Asked by Fiona

To find the number of bases \( b \ge 2 \) such that \( 144_b \) is prime, we first need to convert \( 144_b \) from base \( b \) to base 10. The representation \( 144_b \) can be expanded as follows:

\[
144_b = 1 \cdot b^2 + 4 \cdot b^1 + 4 \cdot b^0 = b^2 + 4b + 4
\]

We can simplify this expression:

\[
144_b = b^2 + 4b + 4 = (b + 2)^2
\]

Now, we need to analyze whether \( (b + 2)^2 \) can be prime. A prime number is defined as a natural number greater than 1 that has no positive divisors other than 1 and itself.
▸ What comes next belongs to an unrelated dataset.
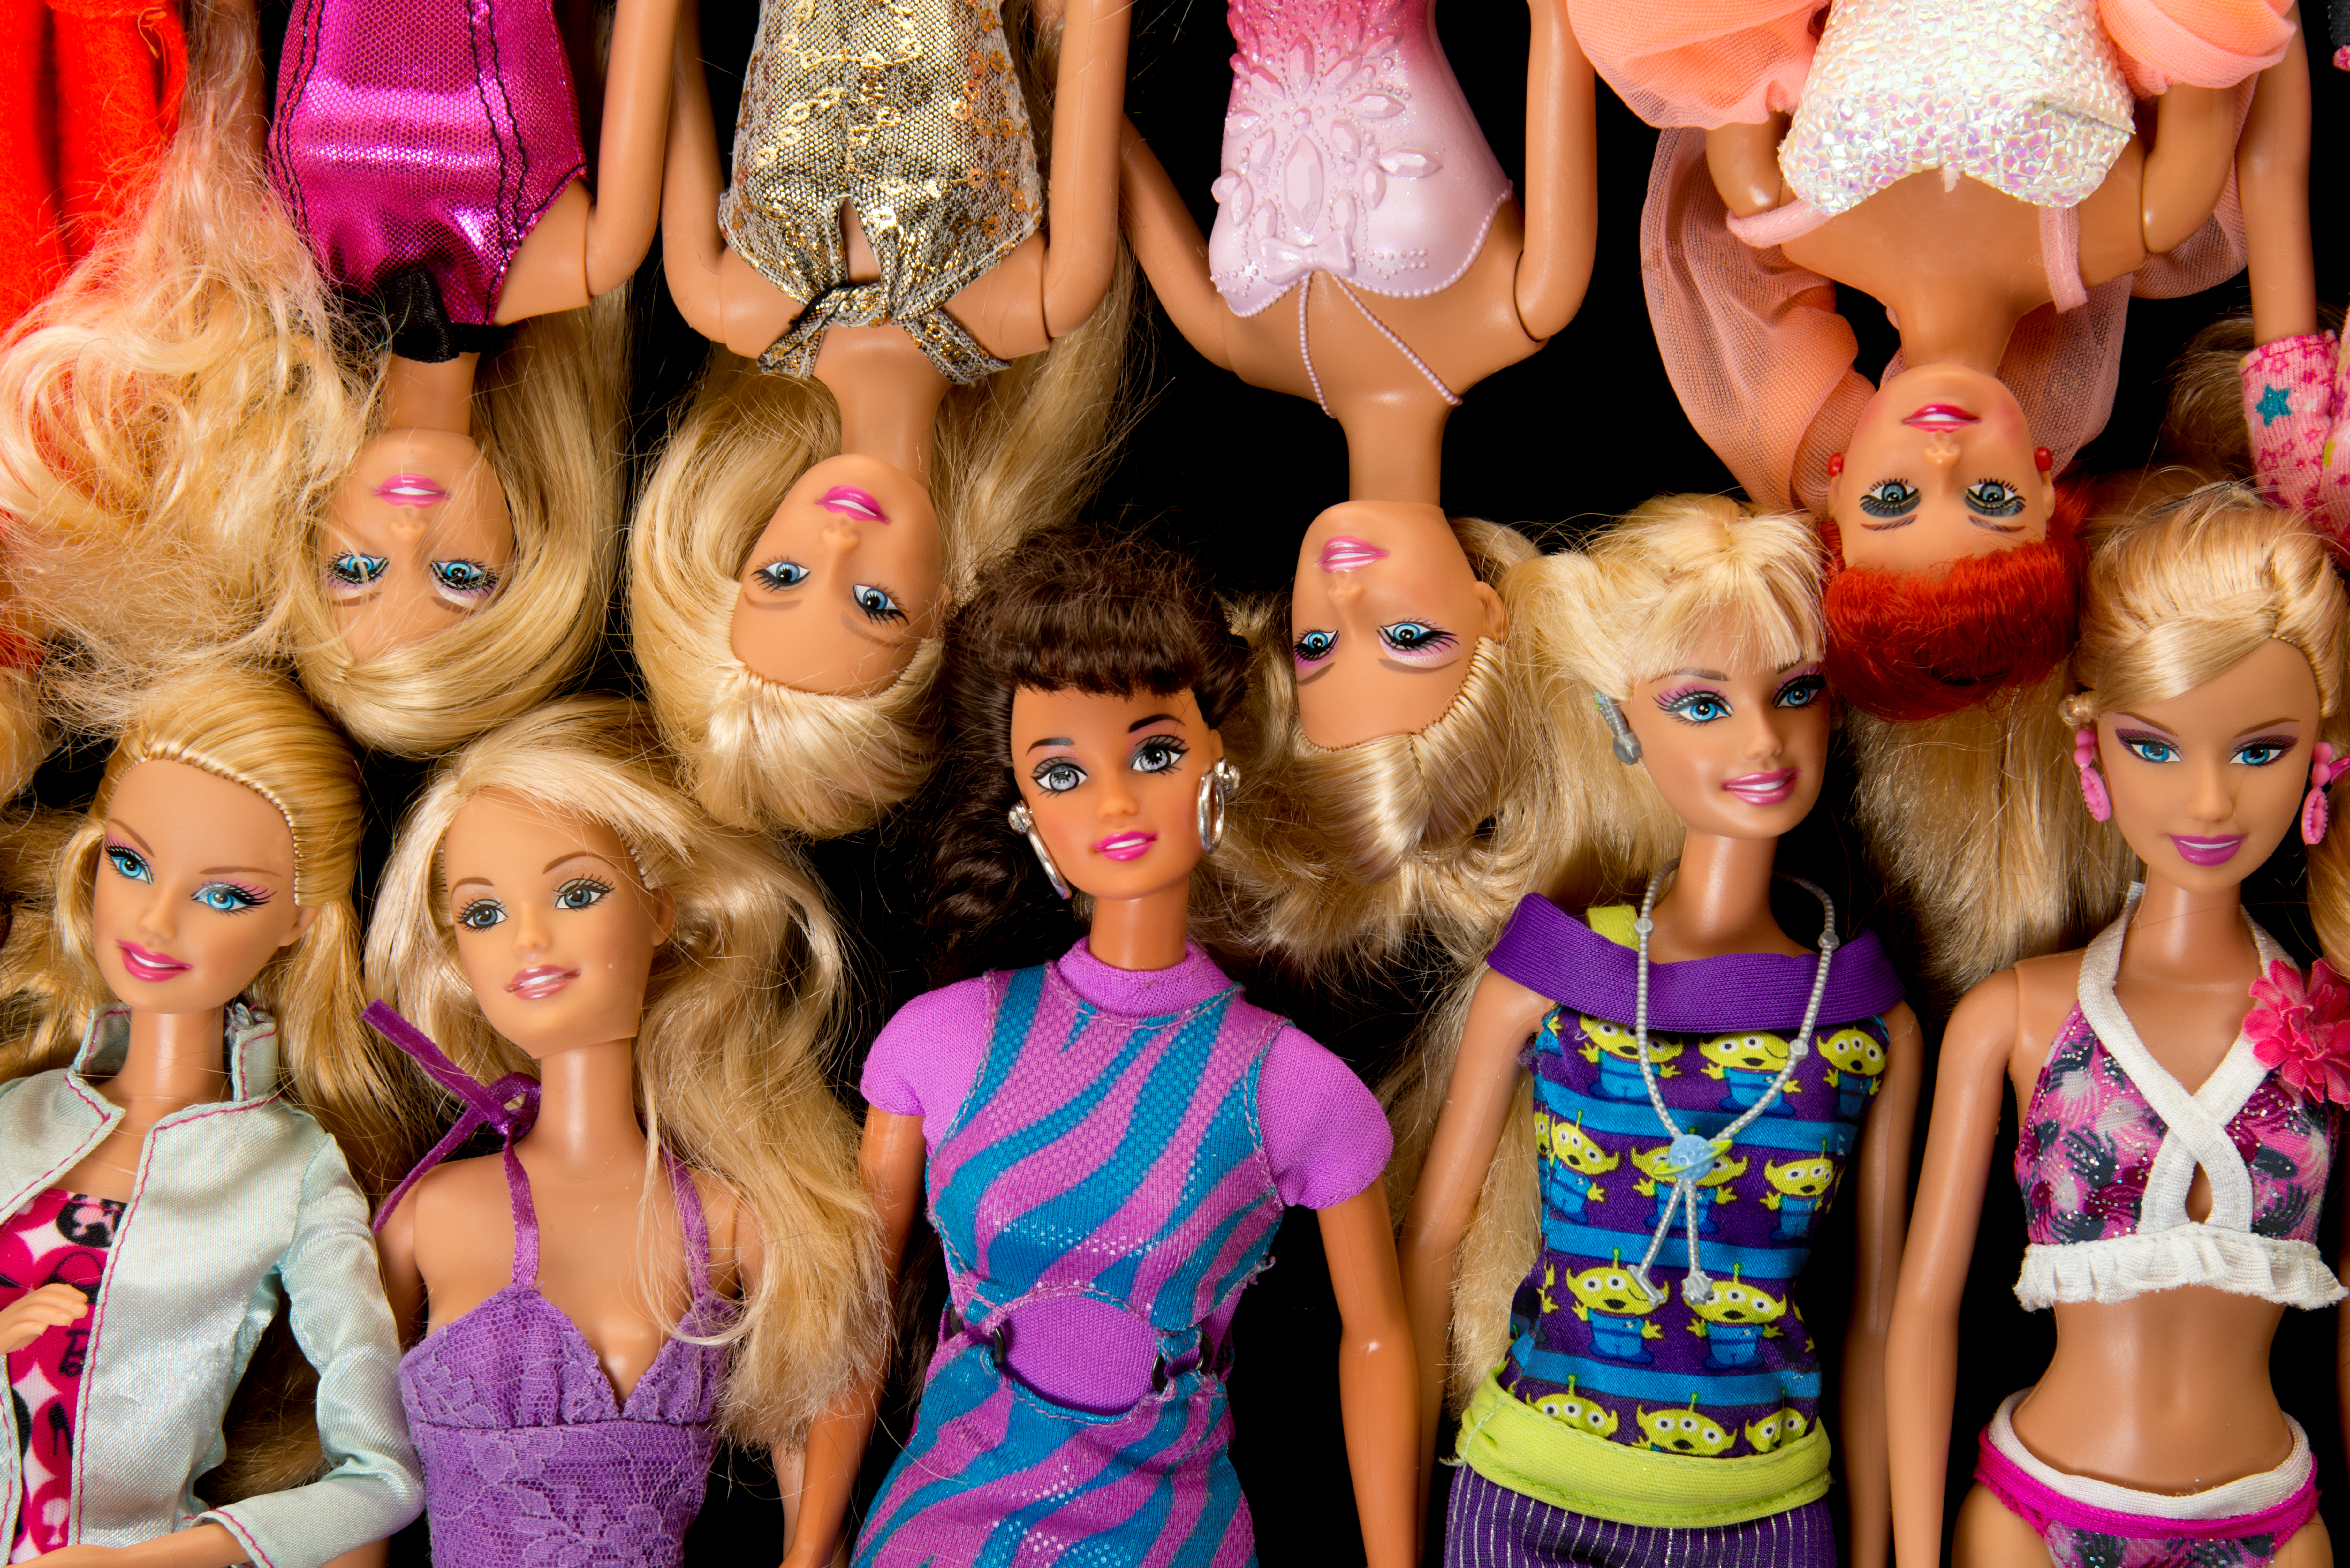 The New Barbie Doll Has a Groundbreaking Career

Since \( (b + 2)^2 \) represents a square of an integer, it is equal to the product of \( (b + 2) \) by itself. The only situation in which a square \( n^2 \) can be prime is when \( n = 1 \) because:

\[
n^2 = p \implies n = p \text{ (which is prime) or } n = 1 \text{ (thus } p = 1)
\]

Here, we have:

\[
(b + 2)^2 = p
\]

If \( b + 2 \) equals 1, then:

\[
b + 2 = 1 \implies b = -1
\]

However, this is not valid as \( b \) must be at least 2.

Since \( b + 2 \) being any integer greater than 1 results in \( (b + 2)^2 \) being composite (as it has at least the factors \( 1, b + 2, (b + 2)^2 \)), we conclude that there are no base values \( b \geq 2 \) such that \( 144_b \) can be prime.

Thus, the number of bases \( b \ge 2 \) such that \( 144_b \) is prime is:

\[
\boxed{0}
\]